> **PROBLEM TO SOLVE**
Please restate each line of the material word for word and omit any pictures.

> **DATA EXCERPT**
-------------------------

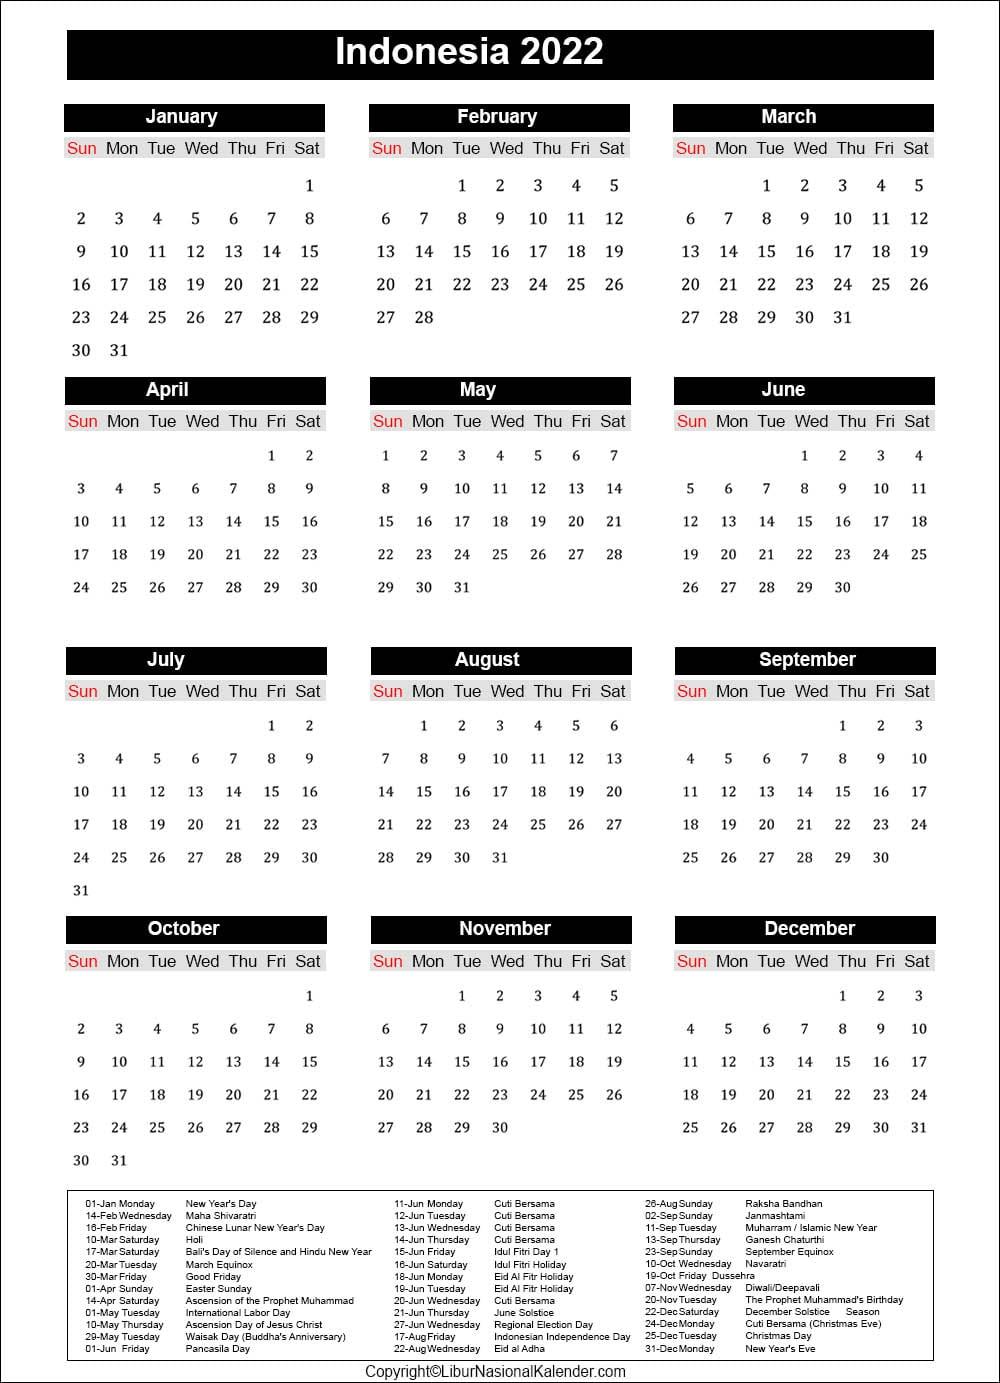 Calendar 2022 Indonesia | Public Holidays 2022
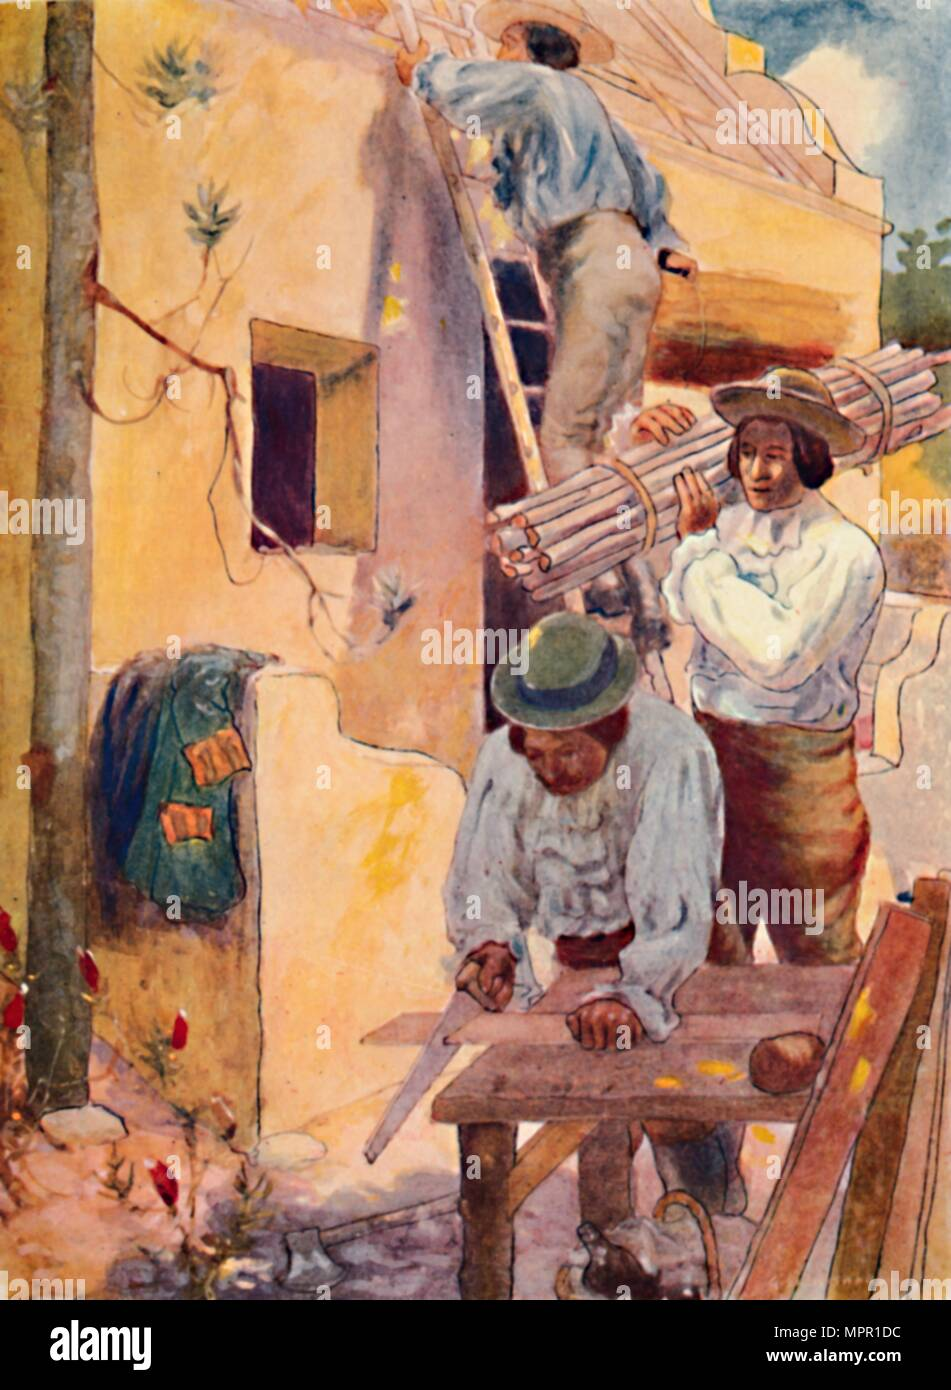 'Huguenots Building their Homesteads', 1909. Artist: GS Smithard. - Stock Image
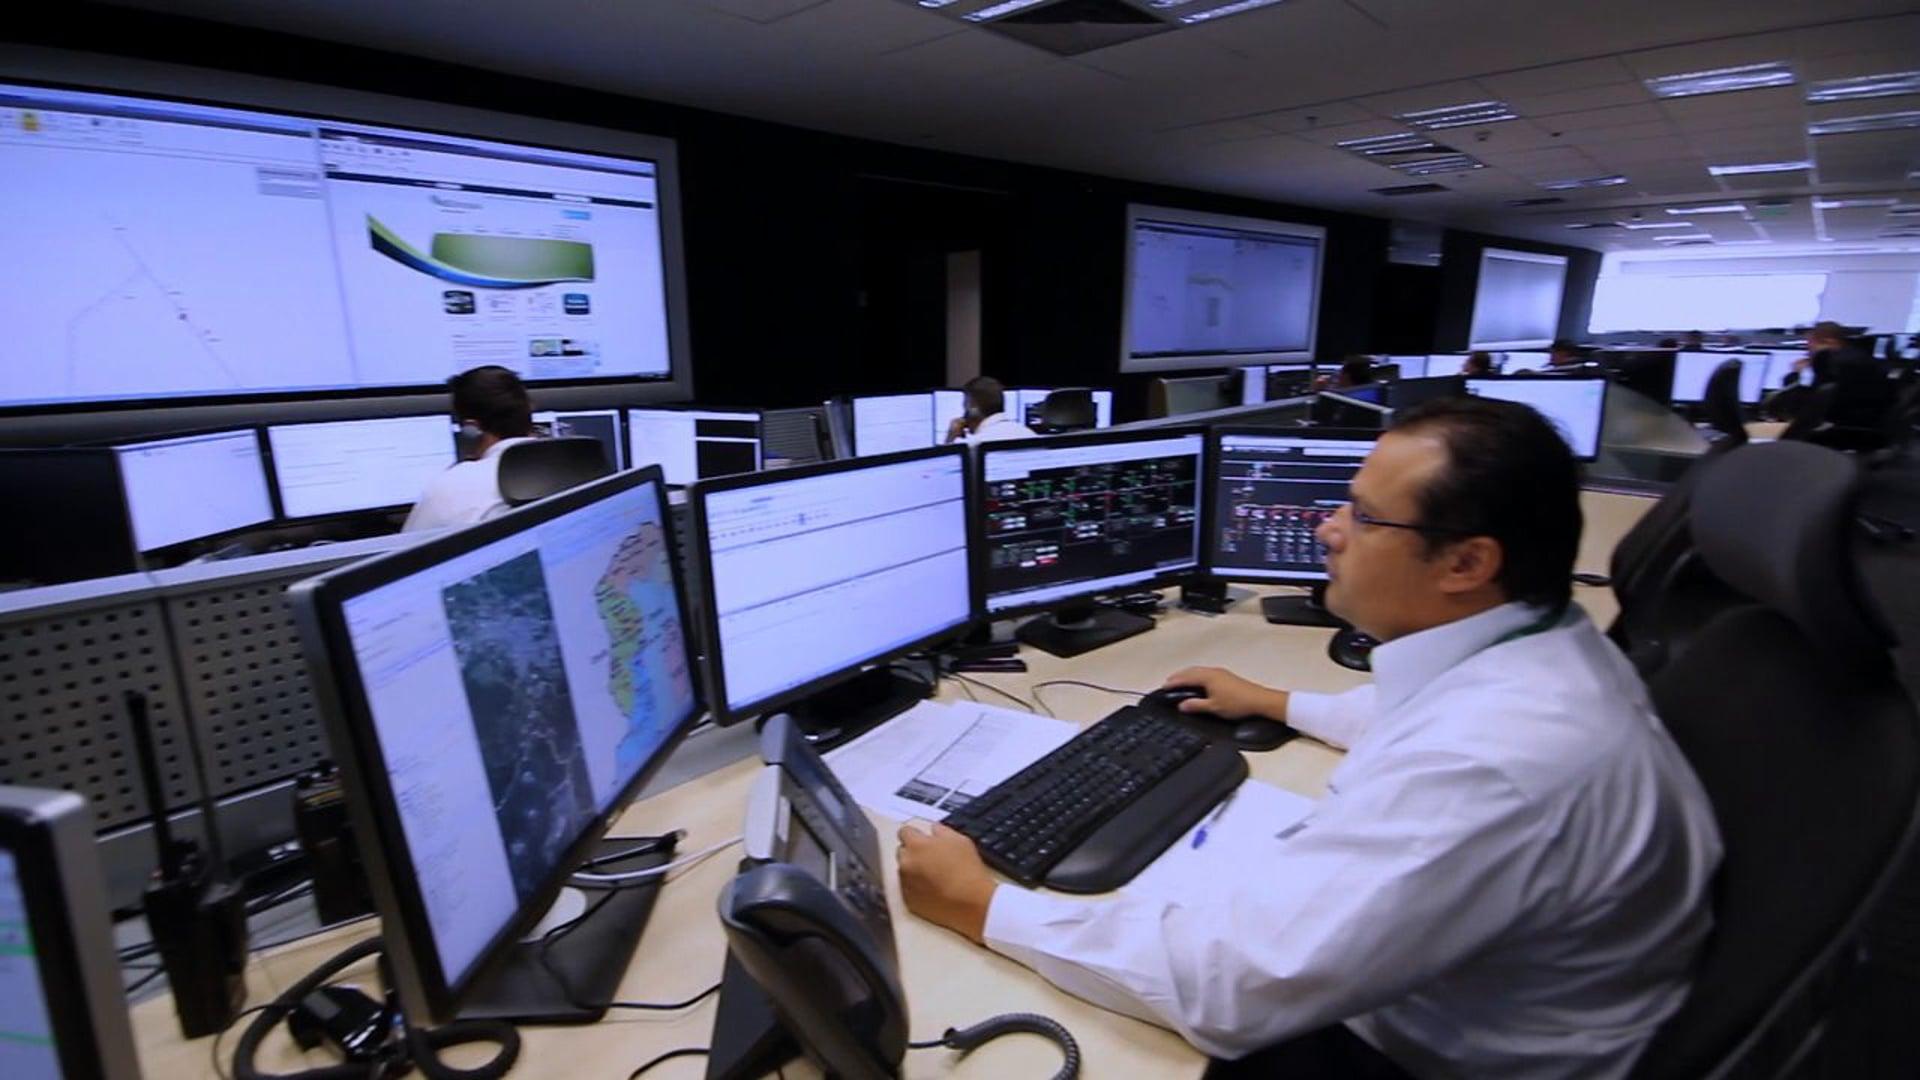 Operation Center Power Distribution - AES Eletropaulo - Brazil

-------------------------

> **ANSWER TO THIS EXERCISE**
 Calendar 2022 Indonesia | Public Holidays 2022
 'Huguenots Building their Homesteads', 1909. Artist: GS Smithard. - Stock Image
 Operation Center Power Distribution - AES Eletropaulo - Brazil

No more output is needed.